◆ **Data**
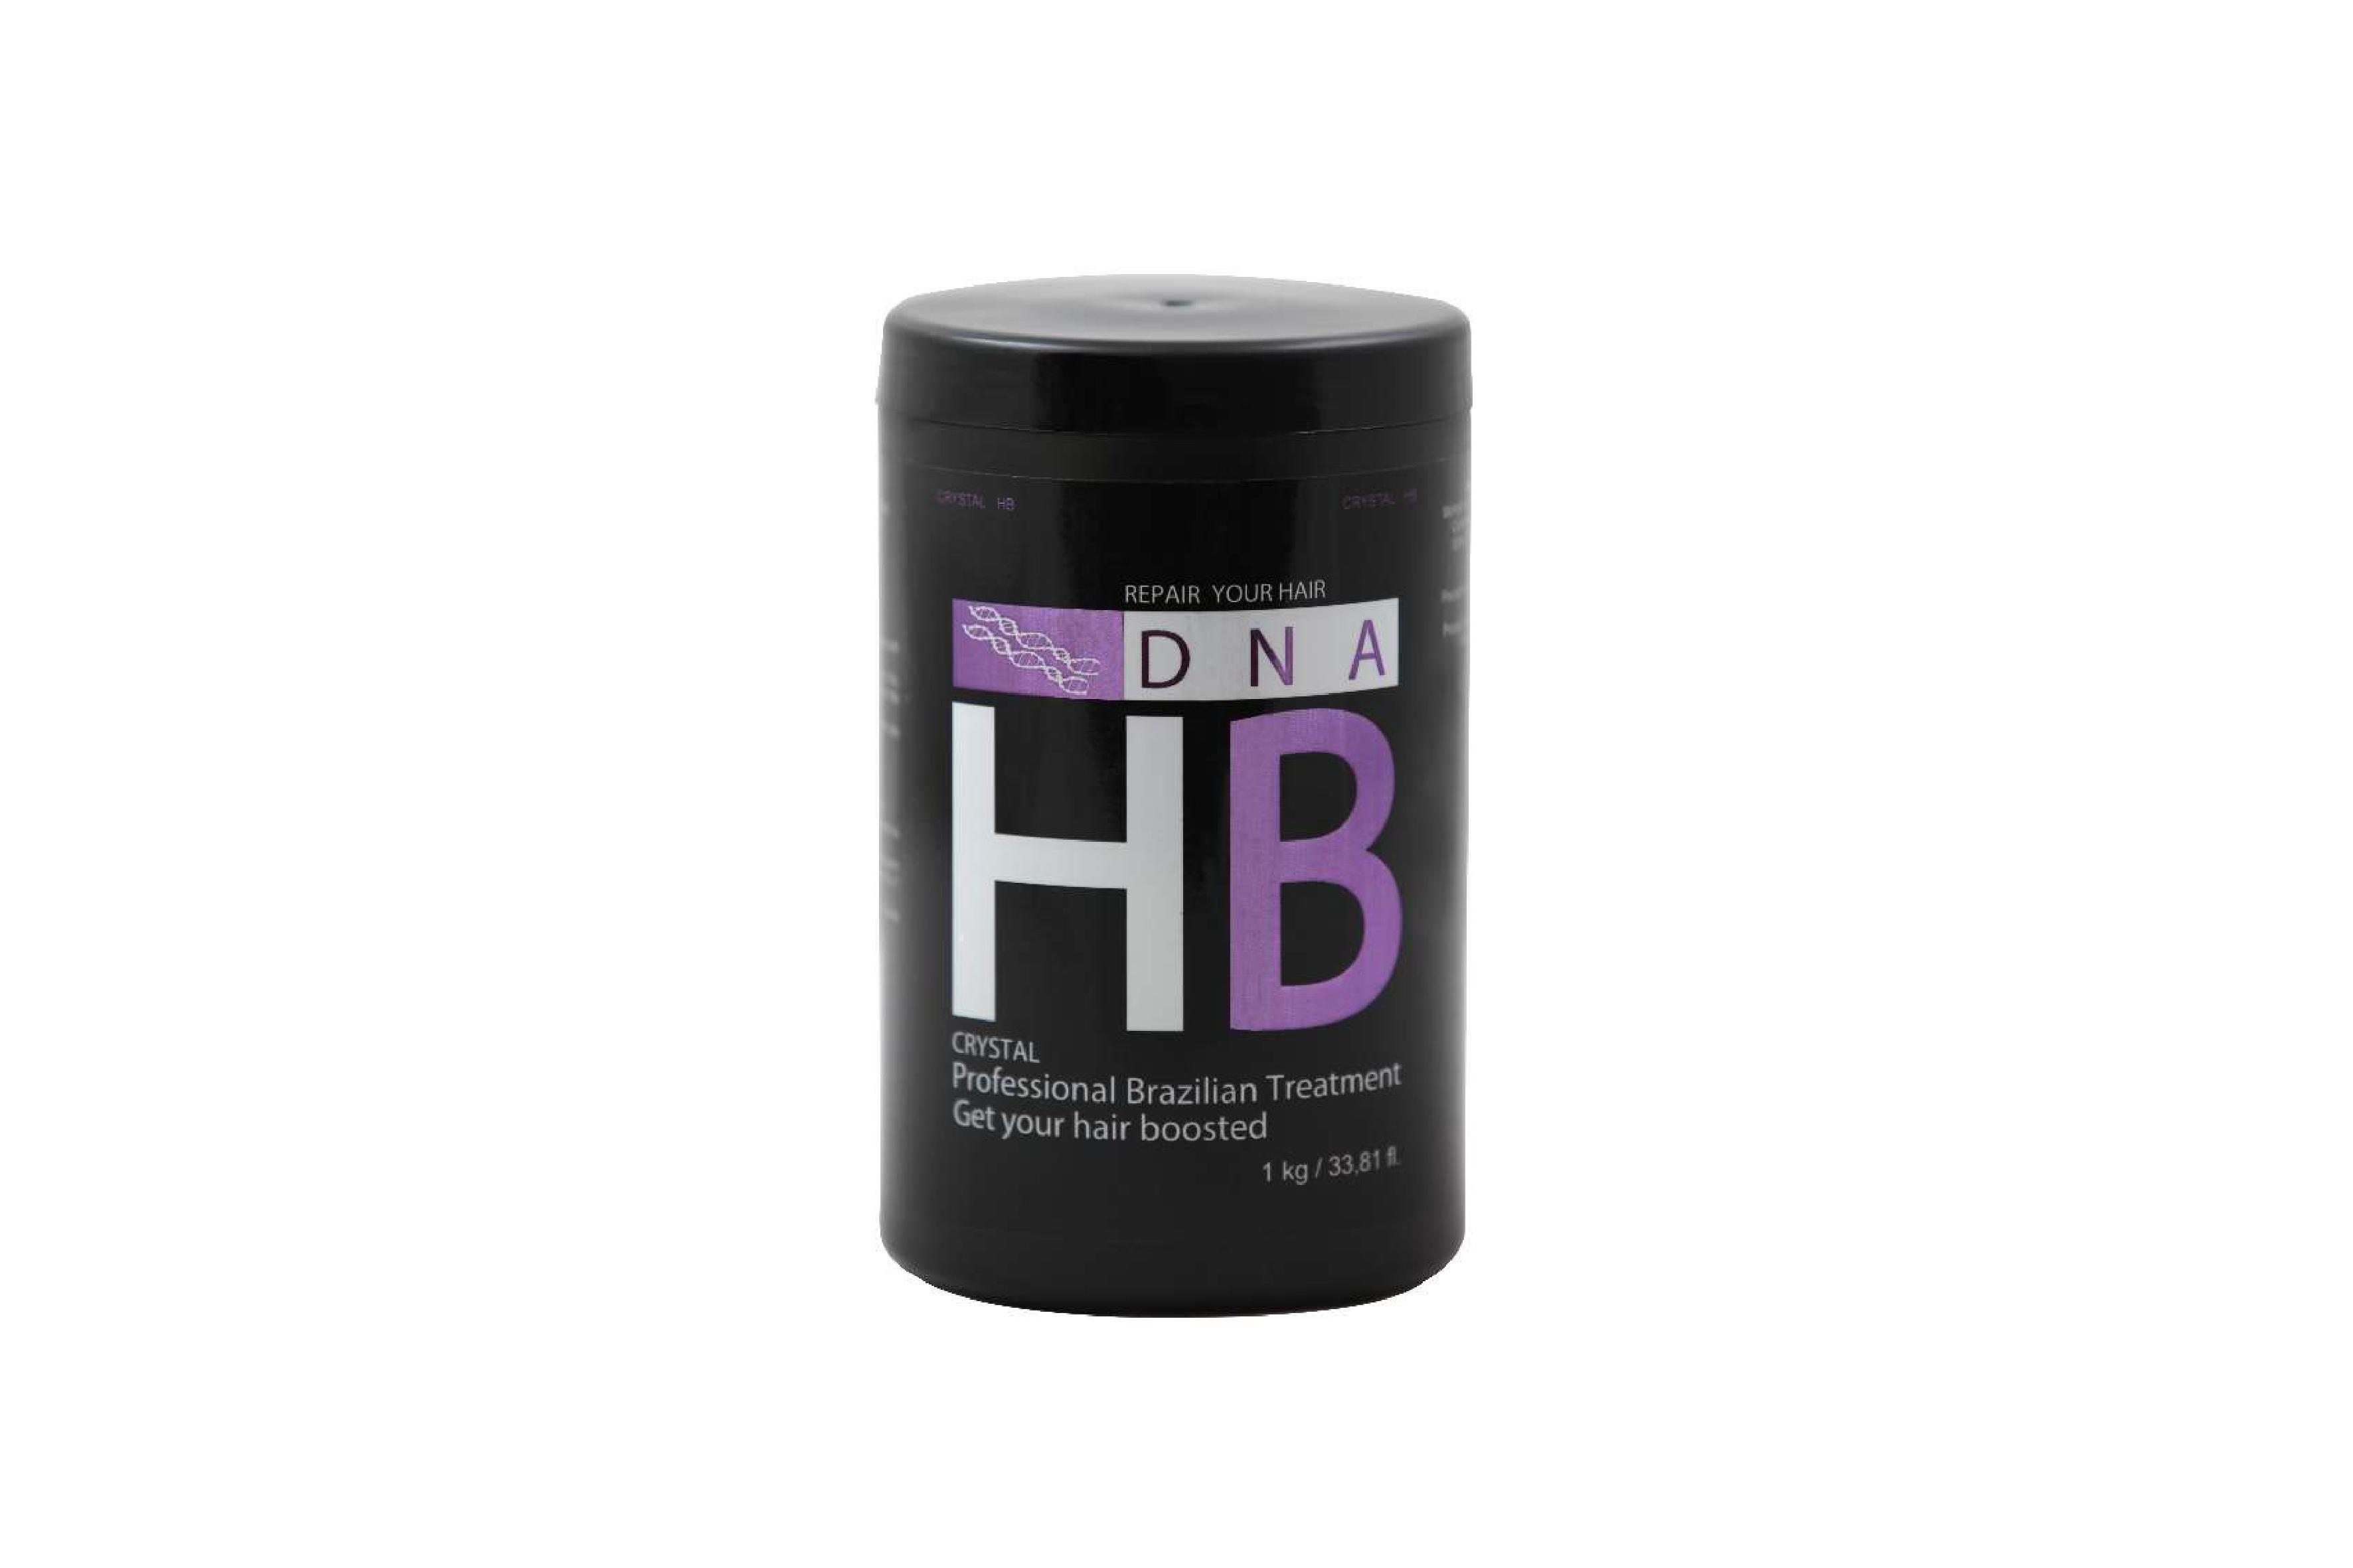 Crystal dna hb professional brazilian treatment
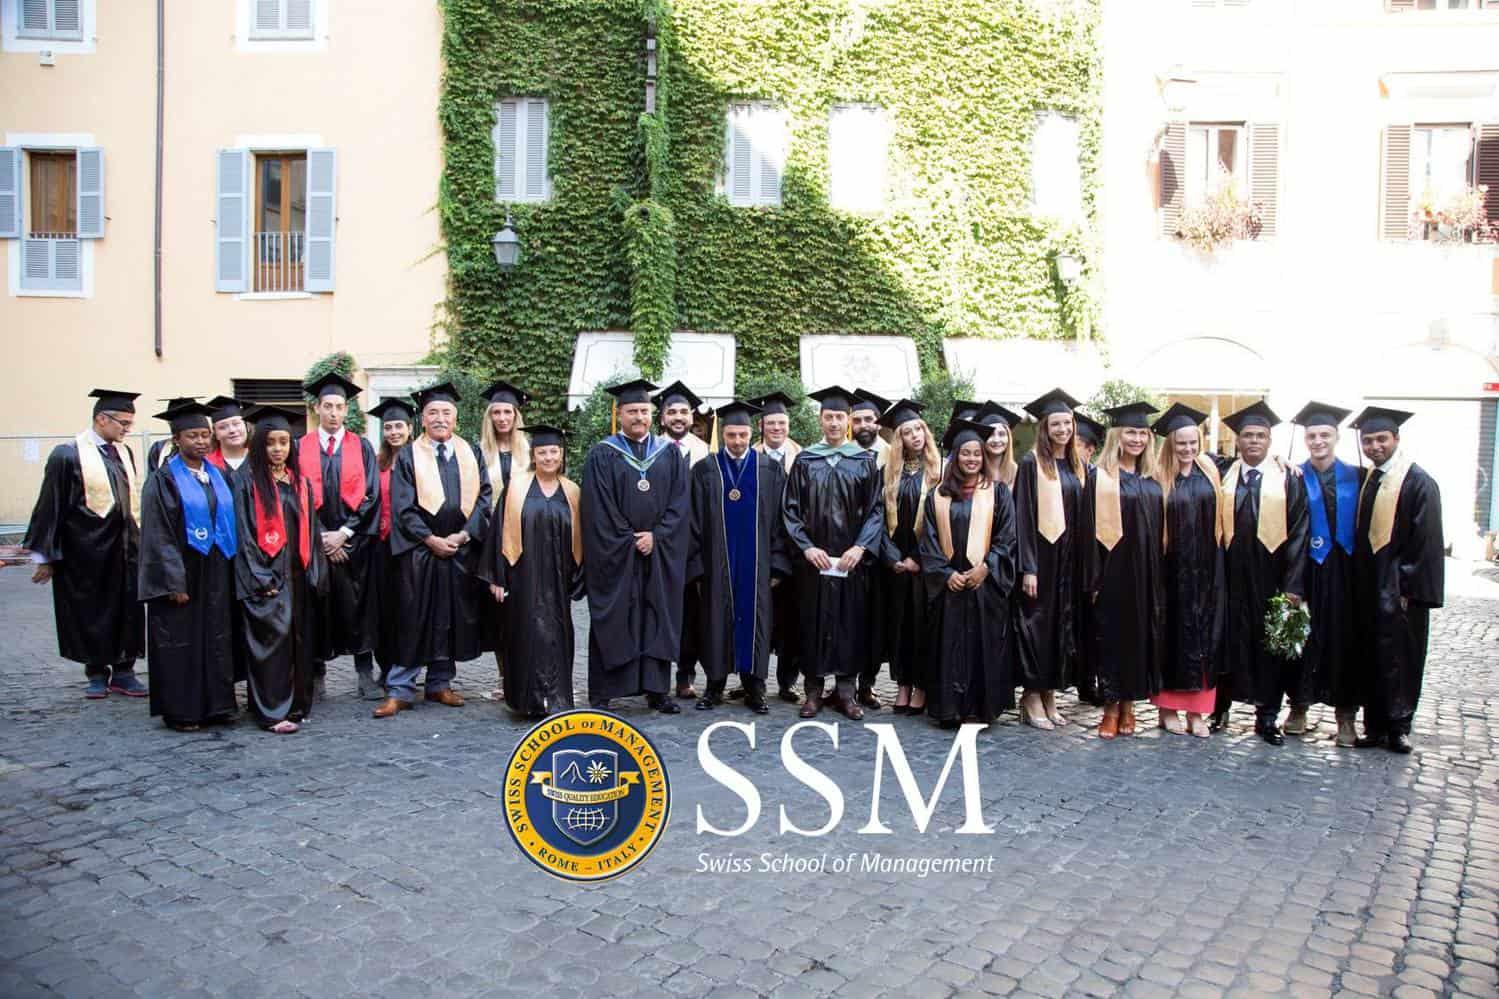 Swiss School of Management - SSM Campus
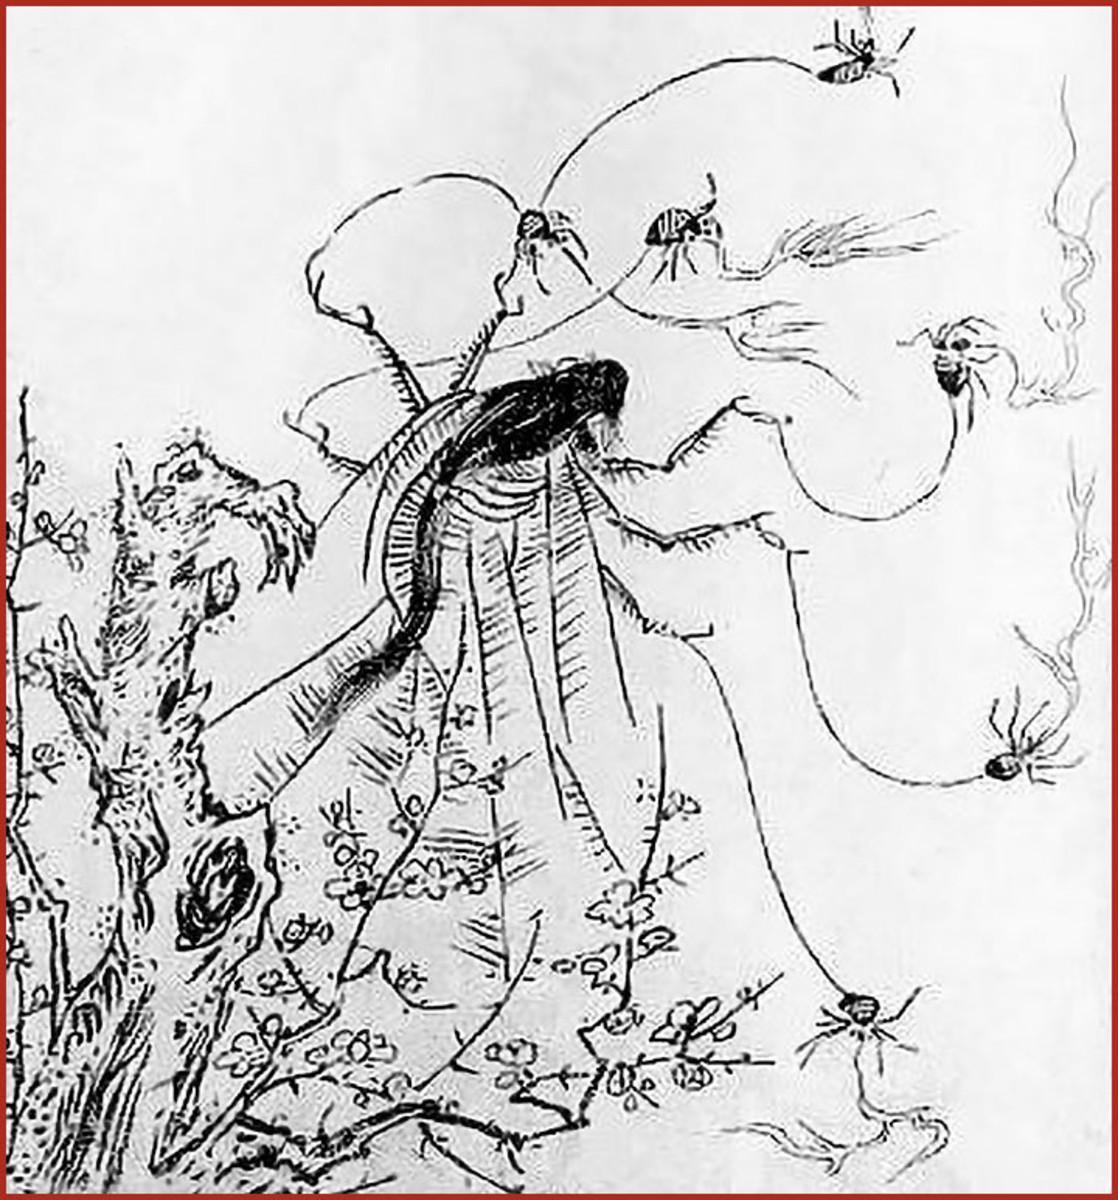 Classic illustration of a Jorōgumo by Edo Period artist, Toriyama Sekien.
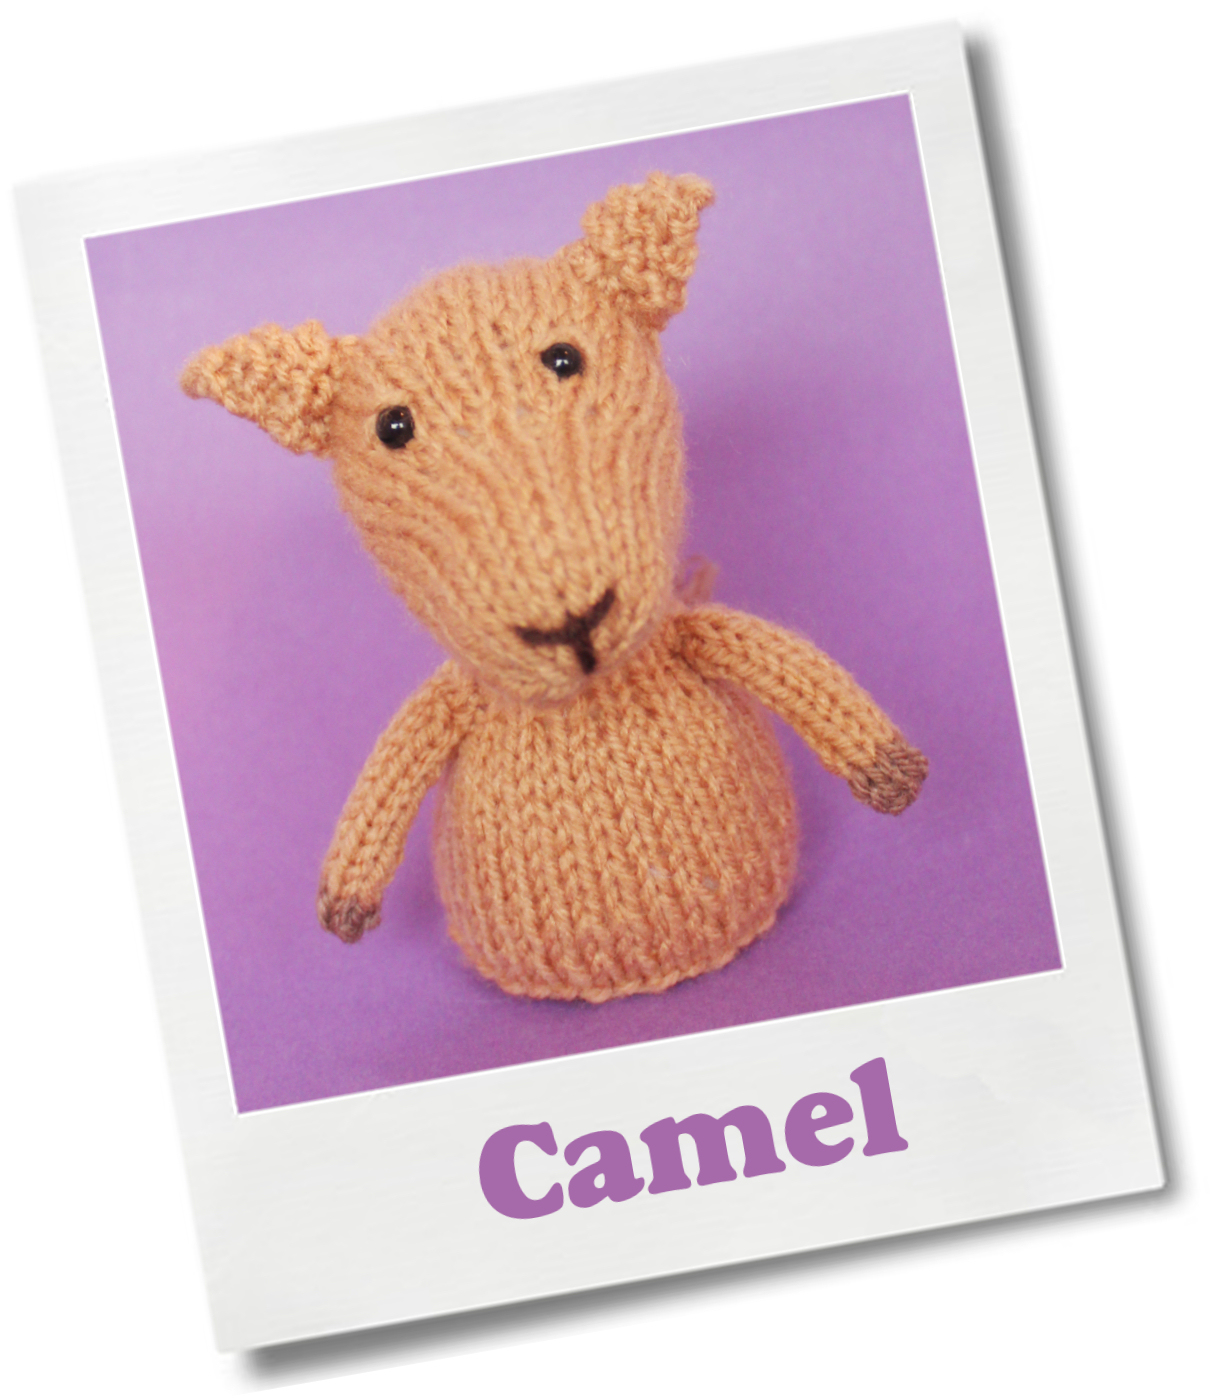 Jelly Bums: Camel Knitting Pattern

◆ **Instructions to follow**
In your transcription of the listing above, match each line exactly and include no pictures.

◆ **Answer space**
 Crystal dna hb professional brazilian treatment
 Swiss School of Management - SSM Campus
 Classic illustration of a Jorōgumo by Edo Period artist, Toriyama Sekien.
 Jelly Bums: Camel Knitting Pattern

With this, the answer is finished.